All subjects (Table 6) were selected from two ongoing studies. The Collaborative Genetic Study of Nicotine Dependence (US) recruited subjects from three urban areas in the USA and the Nicotine Addiction Genetics (Australian) study collected subjects of European ancestry from Australia. Both studies used community-based recruitment and equivalent assessments were performed. Subjects who were identified as being smokers, using the criteria that they had smoked 100 or more cigarettes in their lifetimes, were queried in more detail using the FTND questionnaire. The US samples were enrolled at sites in St Louis, Detroit and Minneapolis, where a telephone screening of community-based subjects was used to determine whether subjects met criteria for case (current FTND ≥4) or control status. The study participants for the Australian sample were enrolled at the Queensland Institute of Medical Research in Australia, where families were identified from two cohorts of the Australian twin panel, which included spouses of the older of these two cohorts, for a total of approximately 12 500 families with information about smoking. The ancestry of the Australian samples is predominantly Anglo-Celtic and Northern European. The Institutional Review Boards approved both studies and all subjects provided informed consent to participate. Blood samples were collected from each subject for DNA analysis and submitted, together with electronic phenotypic and genetic data for both studies, to the National Institute on Drug Abuse (NIDA) Center for Genetic Studies, which manages the sharing of research data according to the guidelines of the National Institutes of Health.

Table 6
A summary of covariates and FTND scores in our sample: by definition, all control subjects scored 0 on the FTND (34)

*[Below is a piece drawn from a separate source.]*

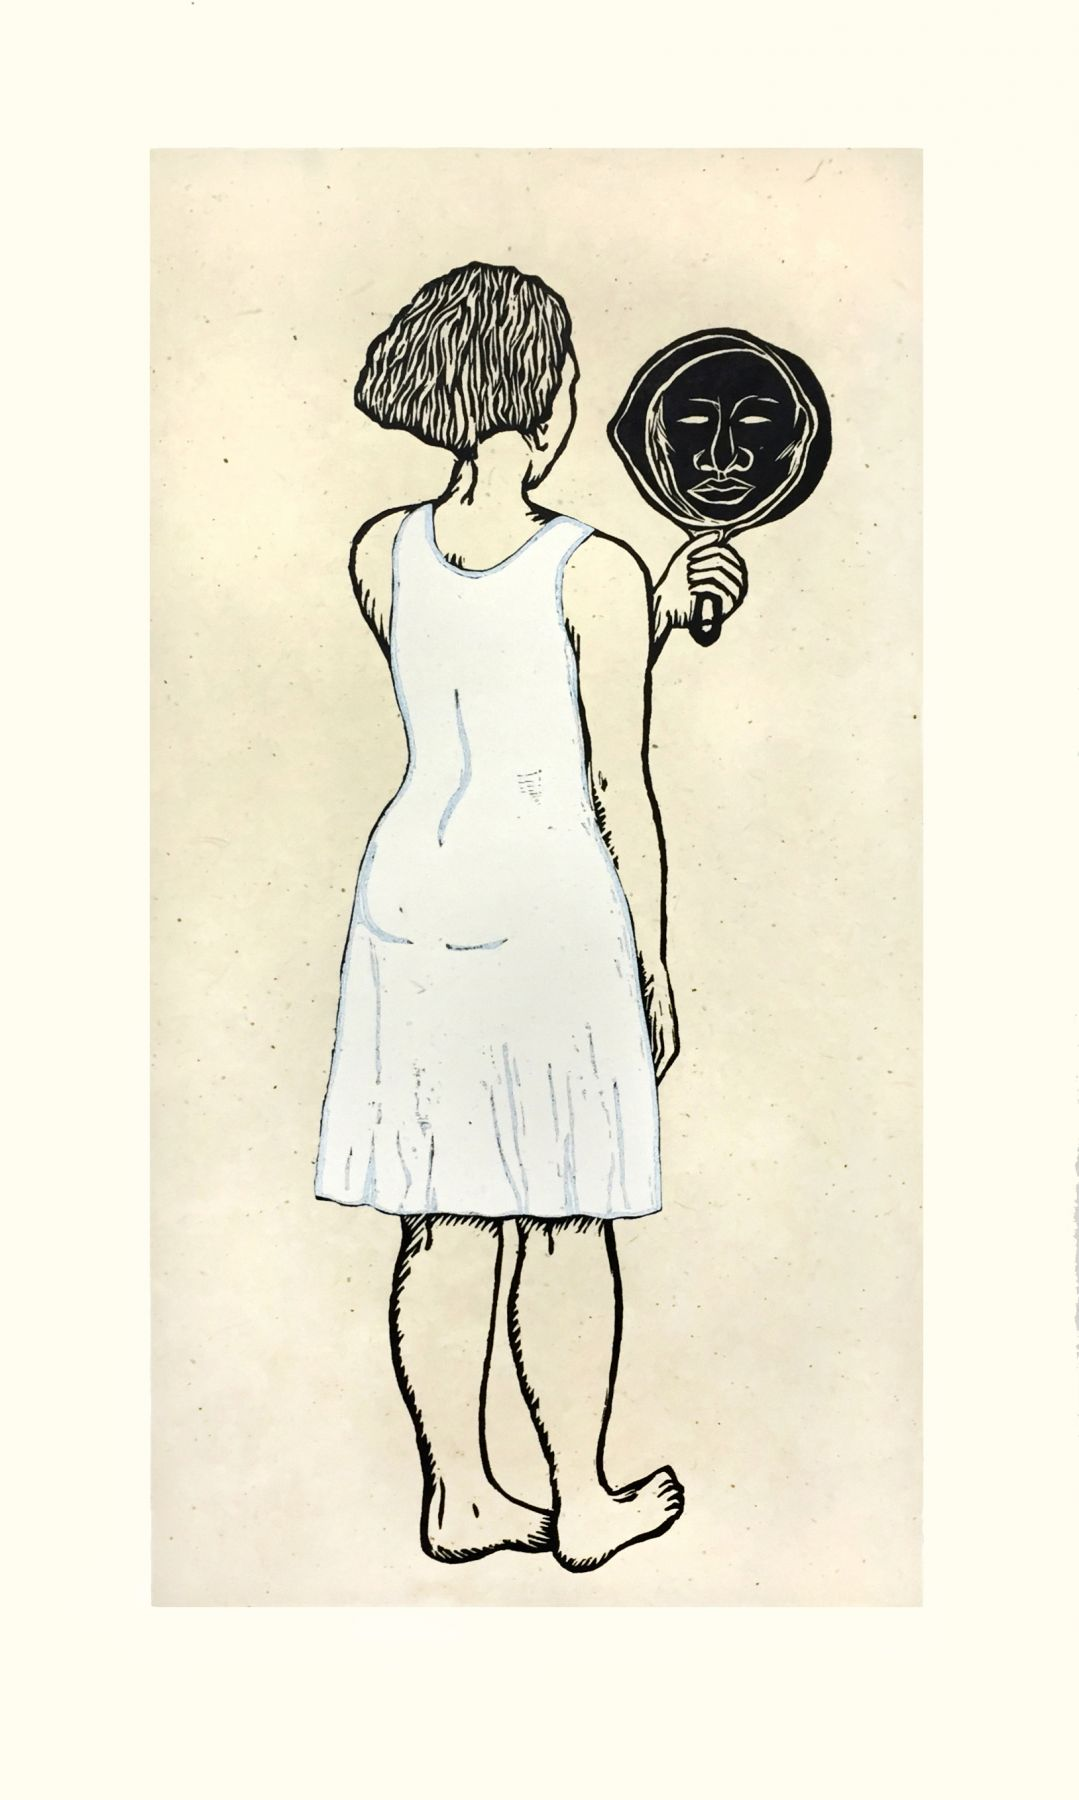 Alison Saar, Mirror, Mirror; Mulatta Seeking Inner Negress II, 2015, woodcut, chine collé, 38 x 21 1/2 inches, Edition 22/30

Case subjects were required to score 4 or more on the FTND (36) during the heaviest period of cigarette smoking (the largest possible score is 10). This is a common criterion for defining nicotine dependence. Control subjects must have smoked 100 or more cigarettes in their lifetimes, yet never exhibited symptoms of nicotine dependence: they were smokers who scored 0 on the FTND during the heaviest period of smoking. By selecting controls that had a significant history of smoking, the genetic effects that are specific to nicotine dependence can be examined. Additional data from the Australian twin panel support this designation of a control status (23). In the US study, using the sample of 15 086 subjects who were determined to be smokers (smoked 100 or more cigarettes in their lifetimes) during the screening process, the prevalence of ‘nicotine dependence’ (FTND ≥ 4) was 46.4% and the prevalence of ‘smoking without nicotine dependence’ (FTND = 0) was 20.1%.

Candidate gene selection

The criteria for the selection of the candidate genes were based on known biology, correlations between nicotine dependence and other phenotypes and previous reports on the genetics of nicotine dependence and related traits. Genes were nominated by an expert committee of investigators from the NIDA Genetics Consortium (, with expertise in the study of nicotine and other substance dependence. These included classic genes that respond to nicotine, such as the nicotinic receptors, and other genes involved in the addictive process.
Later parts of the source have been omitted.